**Work to be completed**
Give all of the data below again exactly, and drop the images.

**Source material**

++++++++++

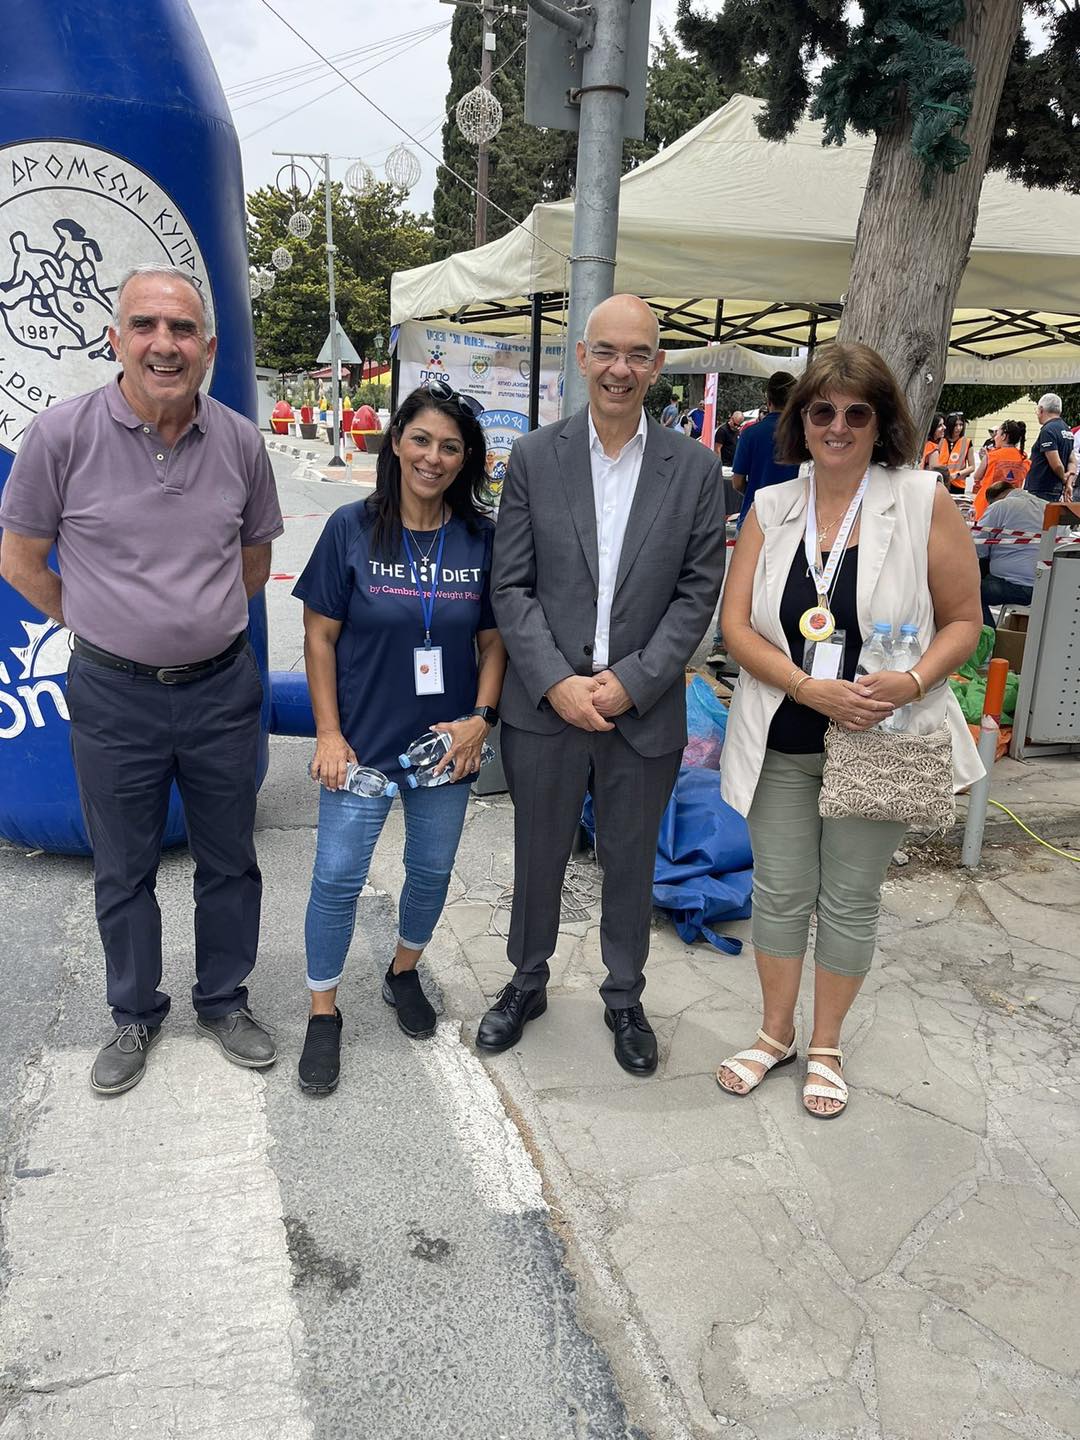 Με επιτυχία και φέτος οι καθιερωμένοι αγώνες δρόμου στην Πλατεία Αγίας Παρασκευής, που διοργανώνουν ο Δήμος Λιβαδιών, σε συνεργασία με το Σωματείο Δρομέων Κύπρου “Περικλής Δημητρίου”
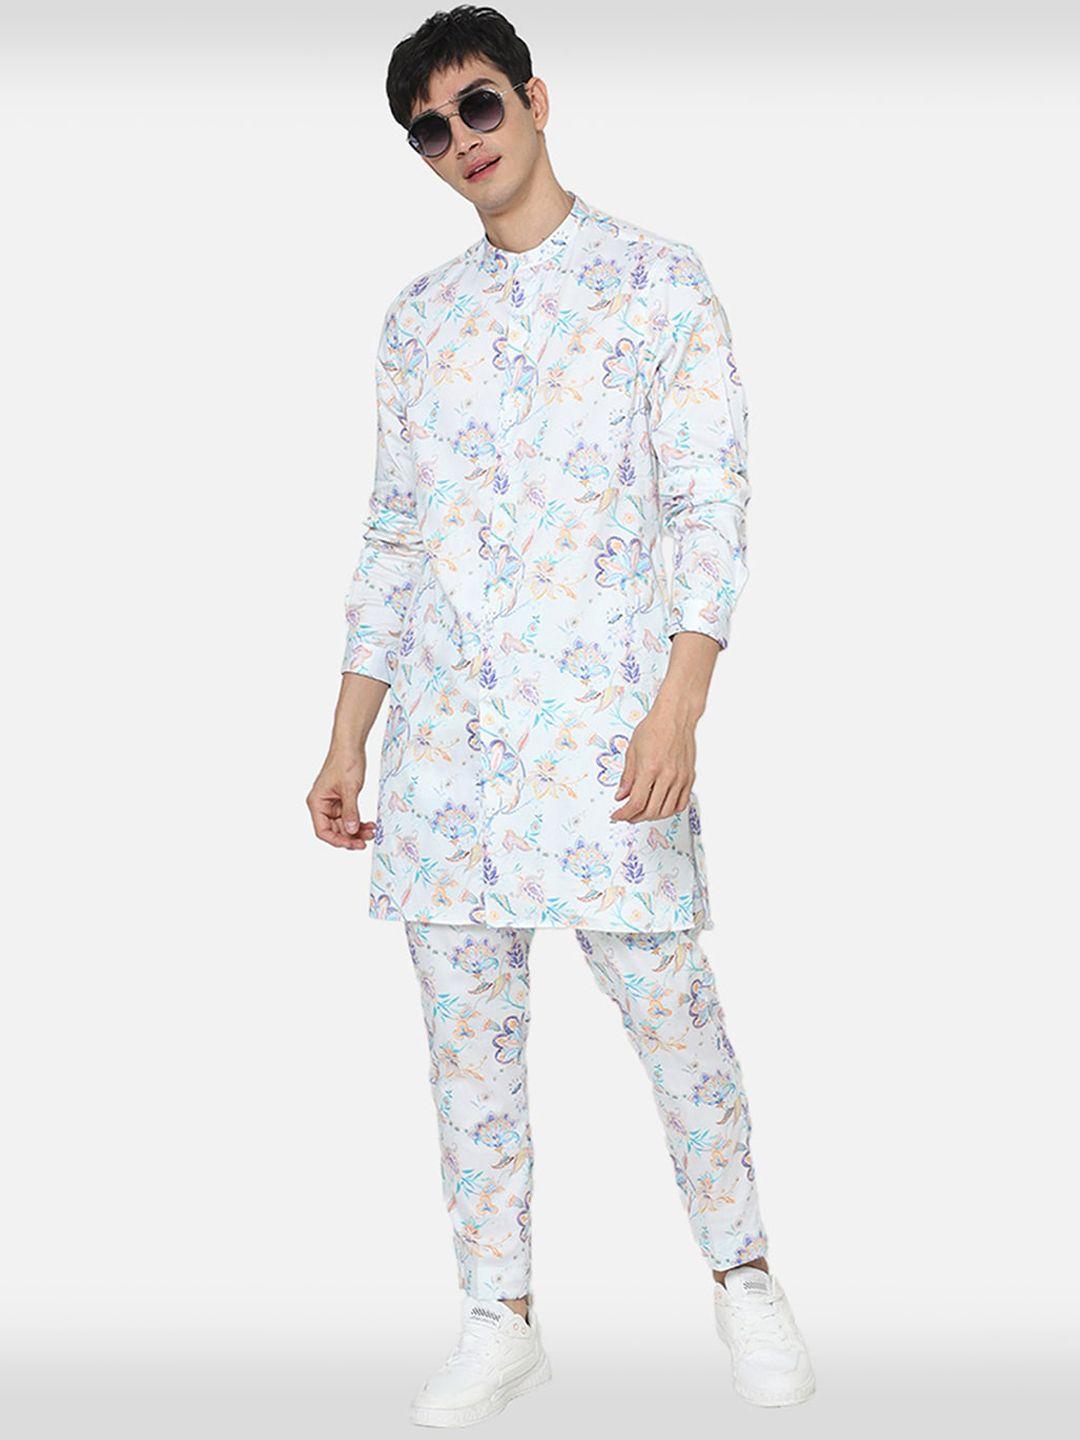 komal kothari floral printed straight pure cotton kurta with pyjamas
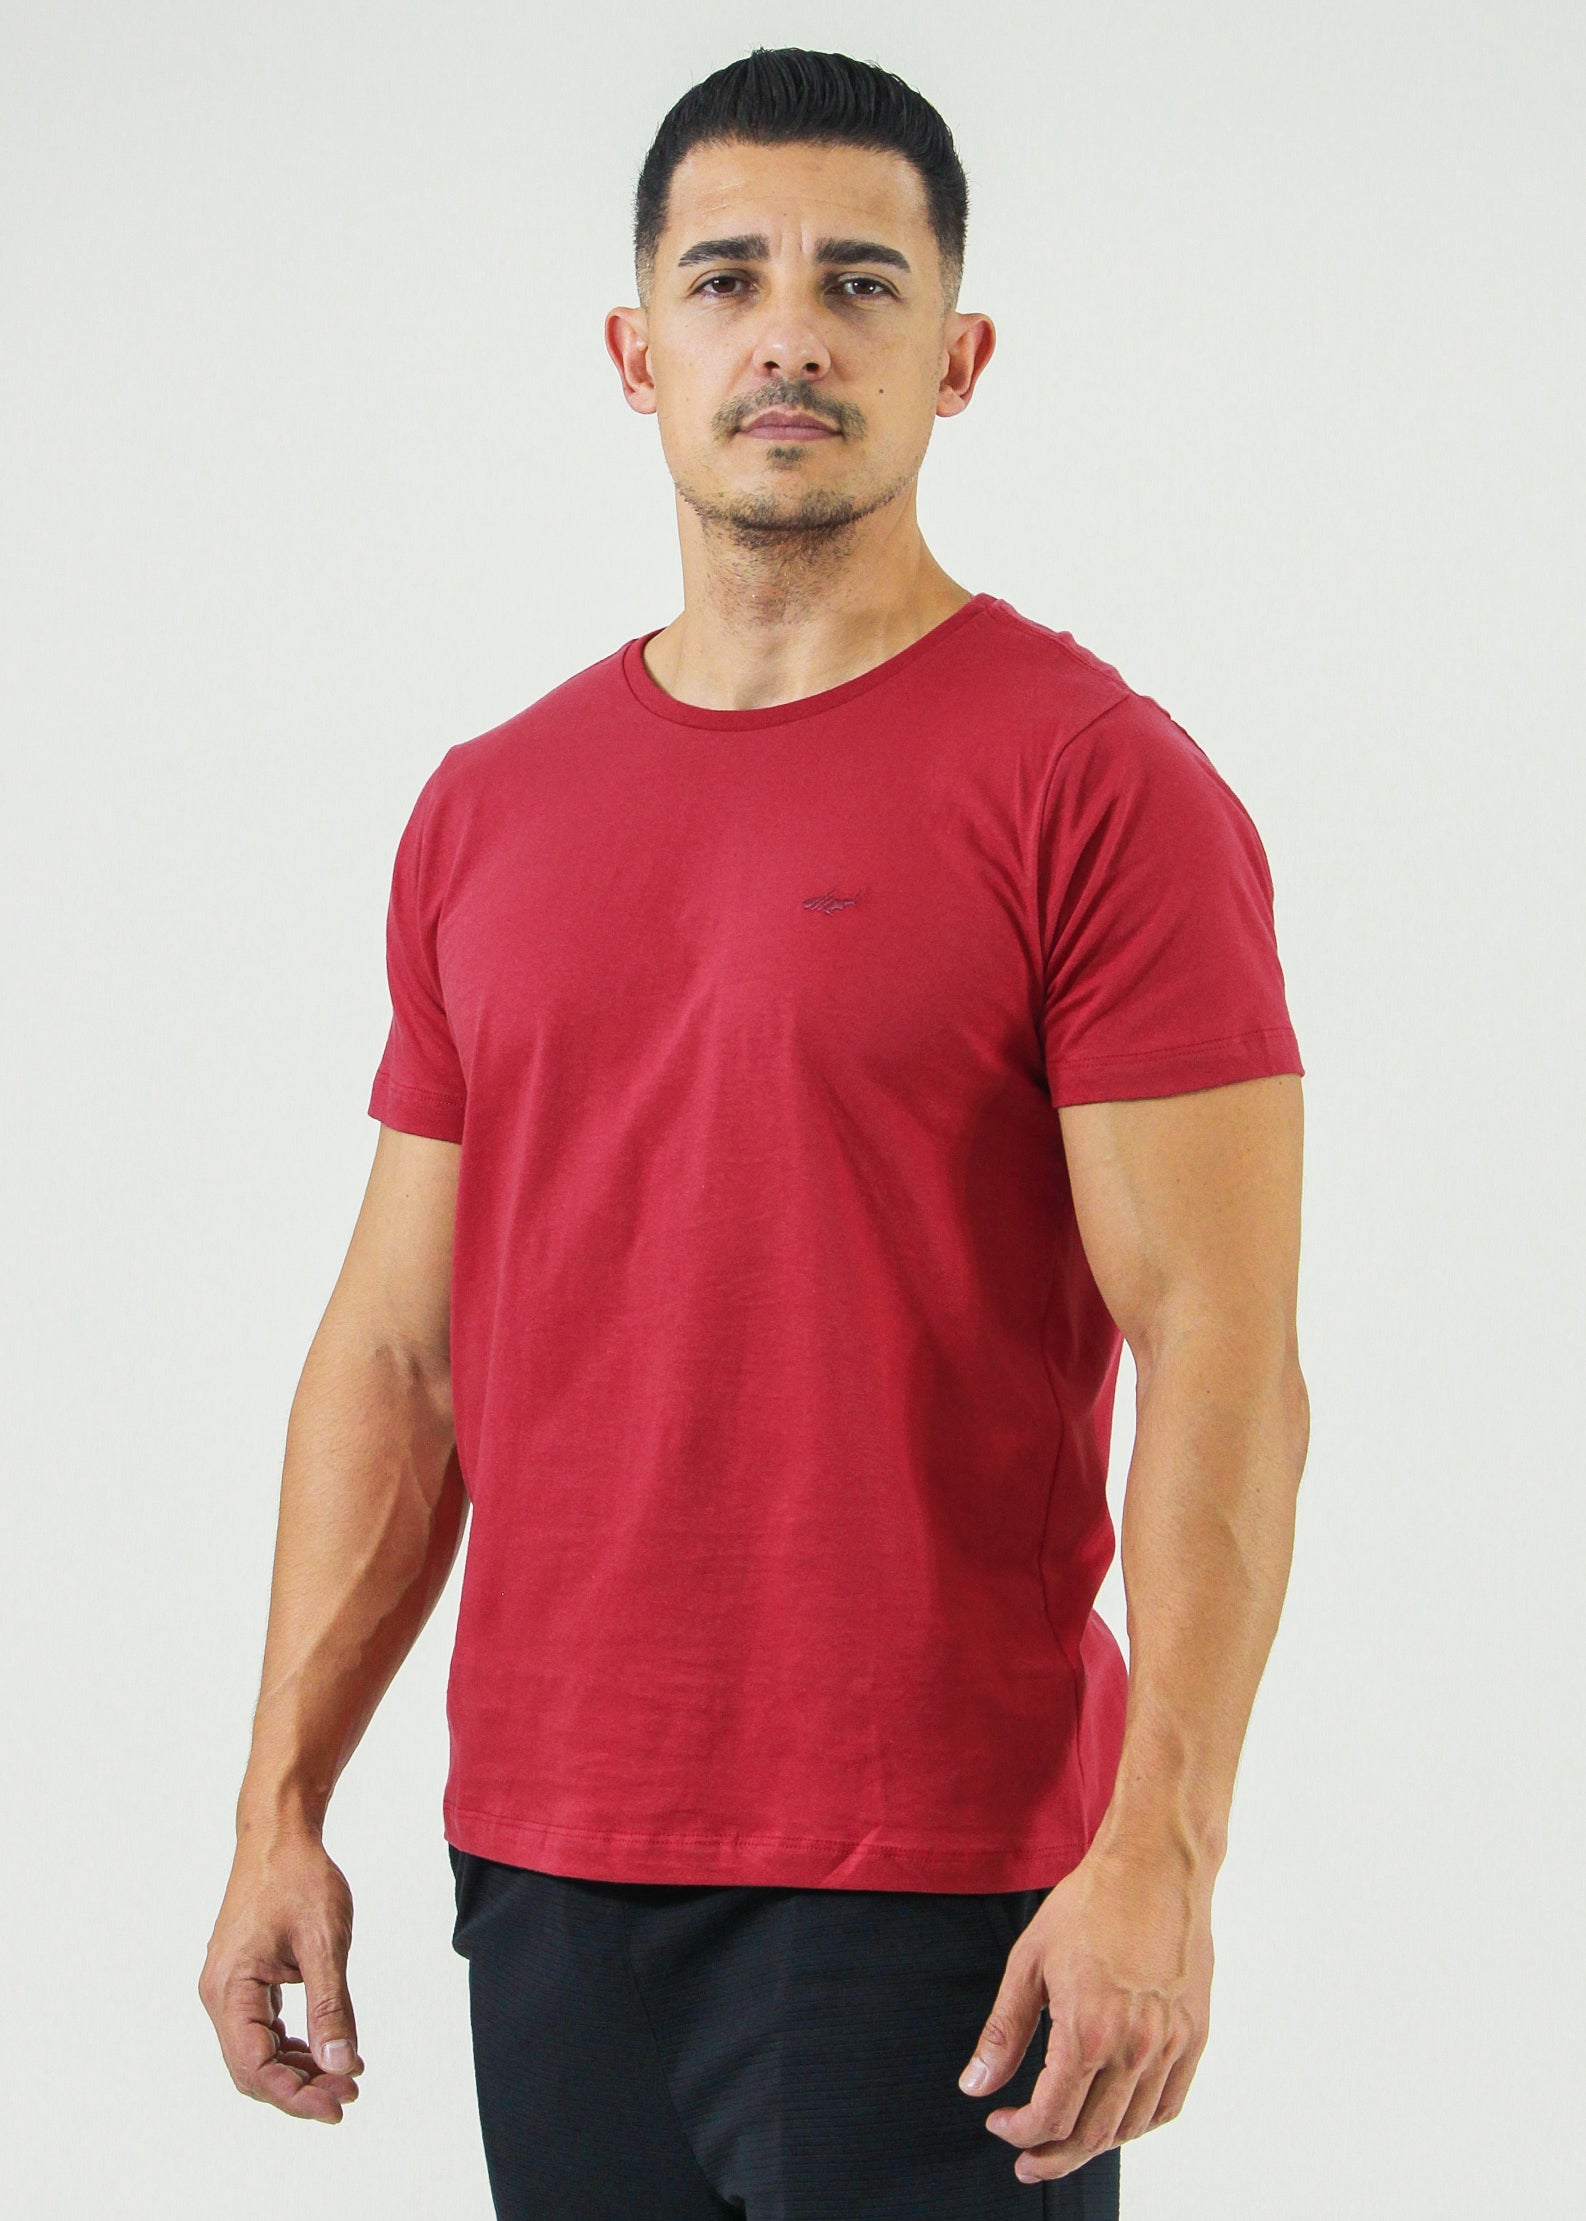 Camiseta Básica - Vermelha

++++++++++

**The completed task**
 Με επιτυχία και φέτος οι καθιερωμένοι αγώνες δρόμου στην Πλατεία Αγίας Παρασκευής, που διοργανώνουν ο Δήμος Λιβαδιών, σε συνεργασία με το Σωματείο Δρομέων Κύπρου “Περικλής Δημητρίου”
 komal kothari floral printed straight pure cotton kurta with pyjamas
 Camiseta Básica - Vermelha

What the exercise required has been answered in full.